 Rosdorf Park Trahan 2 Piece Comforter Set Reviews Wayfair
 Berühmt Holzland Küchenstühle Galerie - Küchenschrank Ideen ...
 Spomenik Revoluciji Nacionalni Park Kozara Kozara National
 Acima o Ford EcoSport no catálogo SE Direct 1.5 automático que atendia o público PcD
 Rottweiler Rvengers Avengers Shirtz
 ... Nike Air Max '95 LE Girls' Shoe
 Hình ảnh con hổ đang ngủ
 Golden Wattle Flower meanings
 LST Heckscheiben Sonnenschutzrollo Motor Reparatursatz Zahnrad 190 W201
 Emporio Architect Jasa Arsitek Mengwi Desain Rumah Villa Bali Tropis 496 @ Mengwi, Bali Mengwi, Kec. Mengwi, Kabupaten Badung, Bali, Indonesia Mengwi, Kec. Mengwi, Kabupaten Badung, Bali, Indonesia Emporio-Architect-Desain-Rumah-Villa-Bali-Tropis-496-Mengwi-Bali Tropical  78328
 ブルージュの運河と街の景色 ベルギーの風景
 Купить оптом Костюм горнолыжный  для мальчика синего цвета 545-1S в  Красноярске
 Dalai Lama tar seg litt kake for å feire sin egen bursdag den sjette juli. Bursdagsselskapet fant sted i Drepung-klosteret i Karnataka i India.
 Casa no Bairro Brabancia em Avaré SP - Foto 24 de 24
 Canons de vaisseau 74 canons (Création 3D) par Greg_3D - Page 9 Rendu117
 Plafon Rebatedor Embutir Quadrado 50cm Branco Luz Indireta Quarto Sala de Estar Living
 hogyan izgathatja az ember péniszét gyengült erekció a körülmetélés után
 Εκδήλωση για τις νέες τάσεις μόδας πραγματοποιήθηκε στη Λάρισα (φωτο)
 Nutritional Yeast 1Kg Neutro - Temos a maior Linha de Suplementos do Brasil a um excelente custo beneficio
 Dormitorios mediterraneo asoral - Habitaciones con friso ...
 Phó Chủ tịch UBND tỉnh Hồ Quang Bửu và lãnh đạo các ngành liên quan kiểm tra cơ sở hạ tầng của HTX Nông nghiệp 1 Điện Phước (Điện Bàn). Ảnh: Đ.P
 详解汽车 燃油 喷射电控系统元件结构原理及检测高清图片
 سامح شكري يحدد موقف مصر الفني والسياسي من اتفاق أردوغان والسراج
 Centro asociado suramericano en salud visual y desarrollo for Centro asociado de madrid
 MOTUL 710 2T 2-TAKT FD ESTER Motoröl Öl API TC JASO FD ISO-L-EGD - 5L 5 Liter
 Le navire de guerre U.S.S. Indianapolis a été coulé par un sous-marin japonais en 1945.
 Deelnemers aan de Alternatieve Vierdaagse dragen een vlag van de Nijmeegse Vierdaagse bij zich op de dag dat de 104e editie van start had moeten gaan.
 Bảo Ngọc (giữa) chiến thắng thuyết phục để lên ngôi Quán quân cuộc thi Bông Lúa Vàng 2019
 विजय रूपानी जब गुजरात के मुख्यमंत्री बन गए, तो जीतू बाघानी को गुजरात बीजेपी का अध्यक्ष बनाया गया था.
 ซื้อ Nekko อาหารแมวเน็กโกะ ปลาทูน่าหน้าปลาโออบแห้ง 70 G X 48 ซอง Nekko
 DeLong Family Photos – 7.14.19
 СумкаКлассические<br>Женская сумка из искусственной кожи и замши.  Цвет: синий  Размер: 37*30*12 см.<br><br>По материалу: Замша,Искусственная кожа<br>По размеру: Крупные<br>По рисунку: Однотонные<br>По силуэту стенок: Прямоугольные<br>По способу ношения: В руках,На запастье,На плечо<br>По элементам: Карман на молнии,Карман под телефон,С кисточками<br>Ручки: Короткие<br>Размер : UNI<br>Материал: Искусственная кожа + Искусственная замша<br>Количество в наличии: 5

What is expected:
Transcribe every record above exactly.

Response:
 Rosdorf Park Trahan 2 Piece Comforter Set Reviews Wayfair
 Berühmt Holzland Küchenstühle Galerie - Küchenschrank Ideen ...
 Spomenik Revoluciji Nacionalni Park Kozara Kozara National
 Acima o Ford EcoSport no catálogo SE Direct 1.5 automático que atendia o público PcD
 Rottweiler Rvengers Avengers Shirtz
 ... Nike Air Max '95 LE Girls' Shoe
 Hình ảnh con hổ đang ngủ
 Golden Wattle Flower meanings
 LST Heckscheiben Sonnenschutzrollo Motor Reparatursatz Zahnrad 190 W201
 Emporio Architect Jasa Arsitek Mengwi Desain Rumah Villa Bali Tropis 496 @ Mengwi, Bali Mengwi, Kec. Mengwi, Kabupaten Badung, Bali, Indonesia Mengwi, Kec. Mengwi, Kabupaten Badung, Bali, Indonesia Emporio-Architect-Desain-Rumah-Villa-Bali-Tropis-496-Mengwi-Bali Tropical  78328
 ブルージュの運河と街の景色 ベルギーの風景
 Купить оптом Костюм горнолыжный  для мальчика синего цвета 545-1S в  Красноярске
 Dalai Lama tar seg litt kake for å feire sin egen bursdag den sjette juli. Bursdagsselskapet fant sted i Drepung-klosteret i Karnataka i India.
 Casa no Bairro Brabancia em Avaré SP - Foto 24 de 24
 Canons de vaisseau 74 canons (Création 3D) par Greg_3D - Page 9 Rendu117
 Plafon Rebatedor Embutir Quadrado 50cm Branco Luz Indireta Quarto Sala de Estar Living
 hogyan izgathatja az ember péniszét gyengült erekció a körülmetélés után
 Εκδήλωση για τις νέες τάσεις μόδας πραγματοποιήθηκε στη Λάρισα (φωτο)
 Nutritional Yeast 1Kg Neutro - Temos a maior Linha de Suplementos do Brasil a um excelente custo beneficio
 Dormitorios mediterraneo asoral - Habitaciones con friso ...
 Phó Chủ tịch UBND tỉnh Hồ Quang Bửu và lãnh đạo các ngành liên quan kiểm tra cơ sở hạ tầng của HTX Nông nghiệp 1 Điện Phước (Điện Bàn). Ảnh: Đ.P
 详解汽车 燃油 喷射电控系统元件结构原理及检测高清图片
 سامح شكري يحدد موقف مصر الفني والسياسي من اتفاق أردوغان والسراج
 Centro asociado suramericano en salud visual y desarrollo for Centro asociado de madrid
 MOTUL 710 2T 2-TAKT FD ESTER Motoröl Öl API TC JASO FD ISO-L-EGD - 5L 5 Liter
 Le navire de guerre U.S.S. Indianapolis a été coulé par un sous-marin japonais en 1945.
 Deelnemers aan de Alternatieve Vierdaagse dragen een vlag van de Nijmeegse Vierdaagse bij zich op de dag dat de 104e editie van start had moeten gaan.
 Bảo Ngọc (giữa) chiến thắng thuyết phục để lên ngôi Quán quân cuộc thi Bông Lúa Vàng 2019
 विजय रूपानी जब गुजरात के मुख्यमंत्री बन गए, तो जीतू बाघानी को गुजरात बीजेपी का अध्यक्ष बनाया गया था.
 ซื้อ Nekko อาหารแมวเน็กโกะ ปลาทูน่าหน้าปลาโออบแห้ง 70 G X 48 ซอง Nekko
 DeLong Family Photos – 7.14.19
 СумкаКлассические<br>Женская сумка из искусственной кожи и замши.  Цвет: синий  Размер: 37*30*12 см.<br><br>По материалу: Замша,Искусственная кожа<br>По размеру: Крупные<br>По рисунку: Однотонные<br>По силуэту стенок: Прямоугольные<br>По способу ношения: В руках,На запастье,На плечо<br>По элементам: Карман на молнии,Карман под телефон,С кисточками<br>Ручки: Короткие<br>Размер : UNI<br>Материал: Искусственная кожа + Искусственная замша<br>Количество в наличии: 5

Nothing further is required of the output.